Meals for self-employed folks are not generally tax deductible. The exceptions are business entertaining (50% deductible; must have clear connection to immediate prospect of a business goal) and meals during business travel (50% deductible; you must spend a full day or more away from one's home).

Meals furnished on an employer's premises for their own convenience are not considered income to the people receiving them. Why? Tax code says so. The business can typically deduct whatever it costs to provide them, either materials and chef salaries (etc etc) or whatever they pay to the meal provider. Why? Tax code says so.

Why the disparity in treatment? "Overwhelming potential for abuse" covers most of it.

Fun fact: in Japan, while it is theoretically not allowed by the tax law, actual practice among many small businessmen (encouraged on not just a wink-and-a-nod level by the National Tax Agency) is that all or almost all personal food expenditures are business expenses. It's widely considered "one of the perks" you get for paying e.g. self-employment taxes. (In the vanishingly rare event that the NTA audits a small businessmen the discussion goes like "Why did the business pay for this meal?" "To soothe my body from the rigors of work and maintain productivity." "Approved.")

Get an accountant as soon as you have $10k in revenue. Open a new CC account; put all business expenses on the CC. Keep a detailed travel log so that you'll be sustained on the possible eventual audit of your travel expenses.

The single best thing a consultancy can do to decrease tax burden is keep really good books on expenses. Don't drop $14k worth of CC receipts on the floor prior to entry; that costs you $5k+.
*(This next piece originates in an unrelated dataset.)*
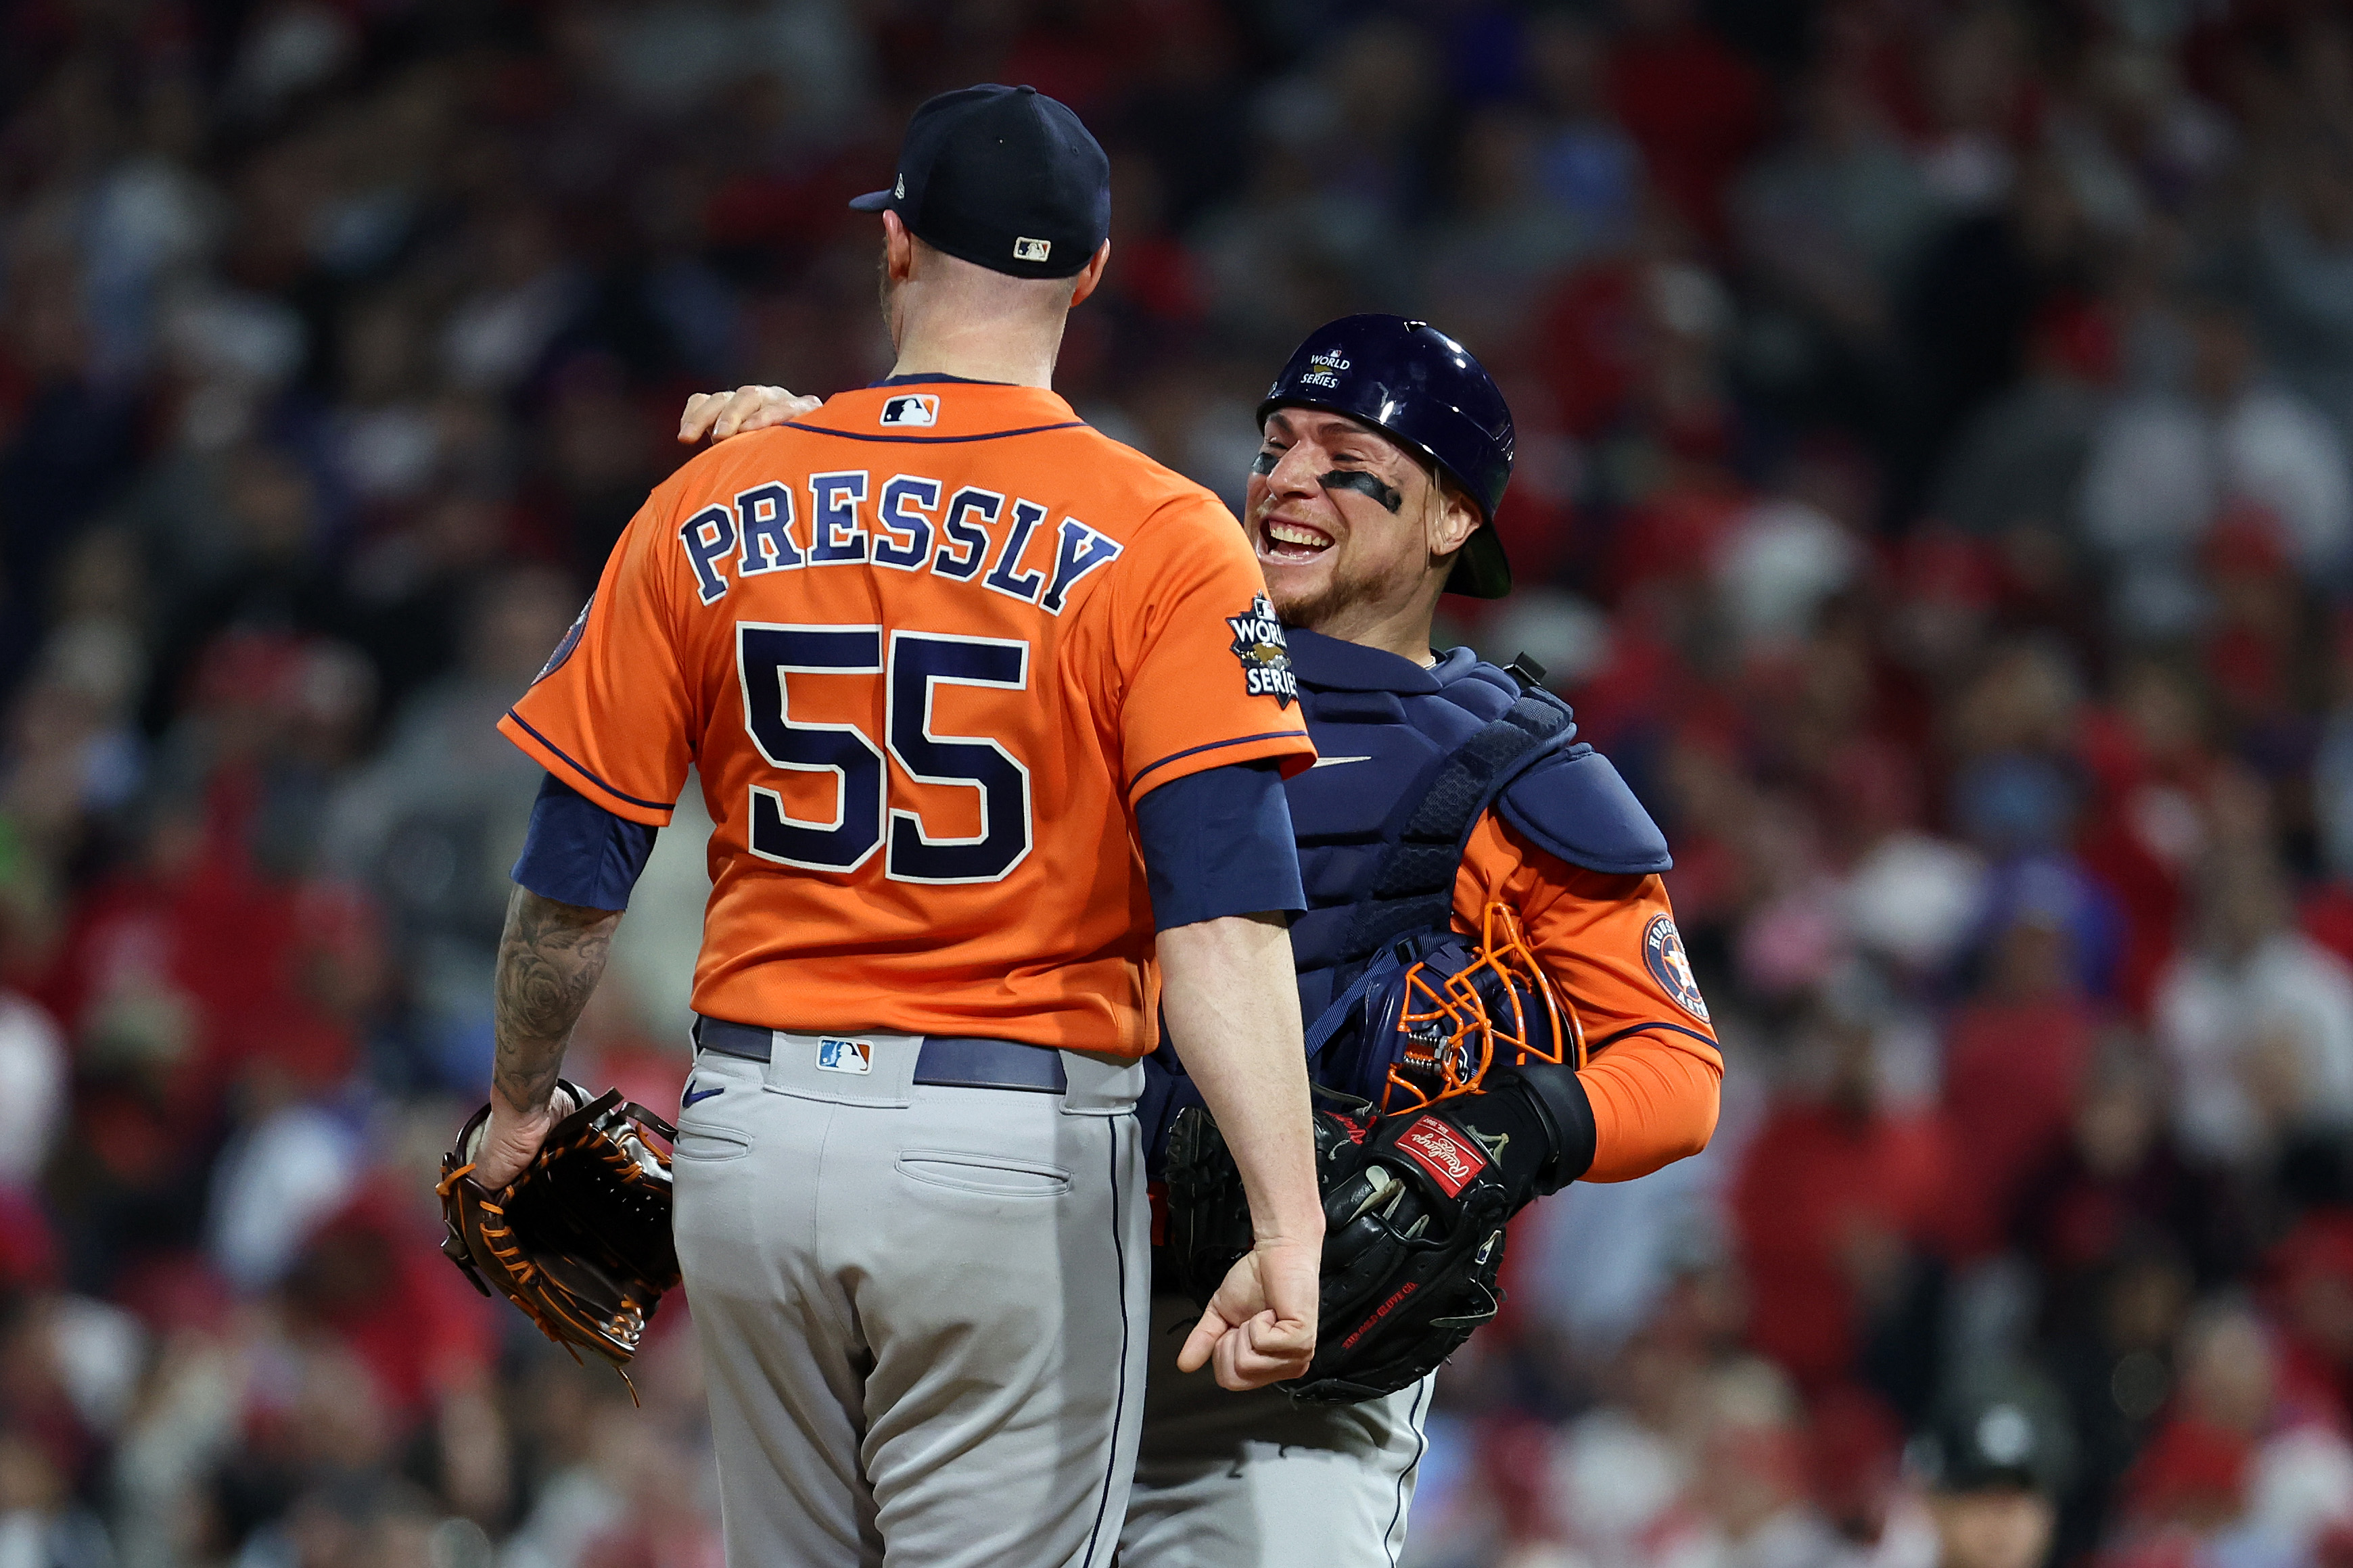 Video Astros played for Christian Vázquez's World Series ring moment

Also as a software engineer you get far, far, far more economic advantage from working on your business than from tax optimization. Get people to do that for you; spend as little time and brain sweat on it as possible.

I use bench.co for bookkeeping. Best money I every spent.

Talk to your accountant about retirement funding options; they're the modestly-more-brainsweat required option for decreasing present-year tax burden.

Hi, Pat. Thank you for responding.

I just had my first 5-figure month. Early on, I'd set up a separate bank account its own card attached.

I've been using Freshbooks, so far. I'll check out bench.co

If you are going to be solo, check out self employed 401k a.k.a solo 401k that allows contributing upto 53,000 per year in retirement which will give you a Huge tax benefit.
Is it true that when using Freshbooks and PayPal business (e-check) option cuts the PP cost down to 0.50 USD per transaction?
I haven't used the PP biz option, so I don't have an answer for that one.
To be honest, tax liability is probably a poor place to focus much optimization effort. Saving money isn't a sound basis for a business and the best way to reduce tax liability is to reduce income to zero...or less.

What matters more are things like cash flow, liquidity, and diversity of customers. Most of what a small consultancy needs to know about taxes is to pay them on time and to separate business expenses from personal with separate accounts.

My last piece of advice is to not spend money on the business. A new $2000 computer isn't necessary to get the work done. Use what's already available and gets the job done.

Good luck.

I'll add that if you're in the US and filing a schedule C (sole proprietorship), standard tax software like TurboTax covers pretty much everything a one person consultancy is likely to encounter.